RRI.CO.ID, Jakarta - Direktur SDM Danantara, Sanjay Bharwani, menegaskan keberagaman budaya dan generasi di tempat kerja tidak bisa dihindari. Oleh karena itu, kemampuan berkomunikasi secara efektif menjadi kunci utama dalam membangun hubungan yang harmonis.

Ia menjelaskan bahwa budaya turut membentuk aturan-aturan dalam cara seseorang berbicara dan berinteraksi dengan orang lain. Dalam suatu budaya, ada hal-hal yang dianggap kurang pantas atau buruk, sementara dalam budaya lain hal tersebut belum tentu dipandang sama.

"Kuncinya adalah dengan tetap bisa berkomunikasi dan berhubungan dengan berbeda generasi. Kita perlu memiliki ruang yang serupa antara kita untuk mendapatkan suara kita," katanya saat menghadiri Global Awareness Conference 2026, Beacon Academy International School, Jakarta Utara, Rabu, 25 Februari 2026.

Ia menekankan pentingnya menciptakan ruang dialog agar setiap individu merasa didengar dan dihargai. Dalam kesempatan tersebut, ia sempat menyampaikan candaan ringan kepada audiens untuk mencairkan suasana.

"Humor itu menghubungkan, tapi kadang-kadang tidak selalu sama bagi setiap orang. Humor terbaik adalah ketika kita bisa menertawakan diri sendiri," ujarnya.

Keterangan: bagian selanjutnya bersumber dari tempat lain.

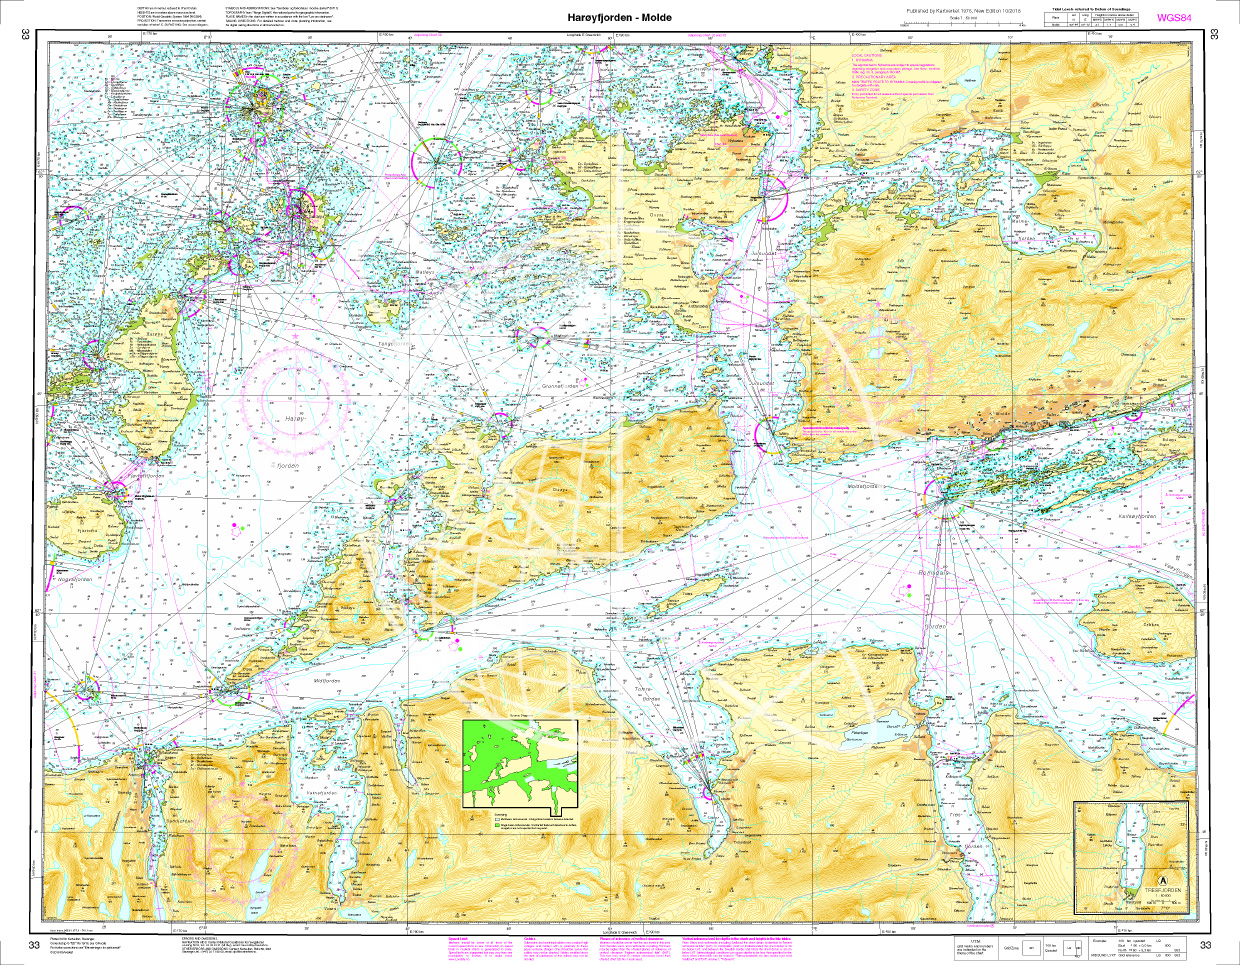 Norwegen N 33 Atlantik Harøyfjord bis Molde

Ia menambahkan, keberagaman perspektif di tempat kerja seharusnya menjadi kekuatan, bukan penghalang. Dengan komunikasi yang terbuka, saling menghormati, dan kemampuan memahami perbedaan budaya dapat menciptakan lingkungan kerja produktif.

Ia berharap pendekatan tersebut dapat membantu membangun suasana kerja yang lebih terbuka dan inklusif. Sehingga setiap individu dari berbagai latar belakang budaya dan generasi merasa dihargai, dan juga didengar.

Sementara itu, Presenter Senior Becky Tumewu menyadari adanya kesenjangan generasi yang terjadi dalam sebuah perusahaan. Mereka menjabarkan masing-masing generasi beserta karakter mereka masing-masing.

"Generasi tertua adalah generasi baby boomers. Orang-orang yang lahir pada sekitar tahun 1946 sampai dengan 1964 merupakan orang-orang yang termasuk pada generasi baby boomers," ucapnya.

Ia mengatakan generasi ini merupakan generasi yang paling banyak ditemui di dunia kerja. Secara persentase, generasi baby boomers berjumlah sekitar lima persen.

Lebih lanjut, ia menyampaikan bahwa generasi milenial dilahirkan dari orang tua generasi baby boomers yang sangat pekerja keras dan harus bekerja. Akibatnya, pada umumnya, generasi millenial luput dari asuhan orang tua.

google-preference

Rekomendasi Berita

Berita Terbaru Lainnya

Memuat berita terbaru.....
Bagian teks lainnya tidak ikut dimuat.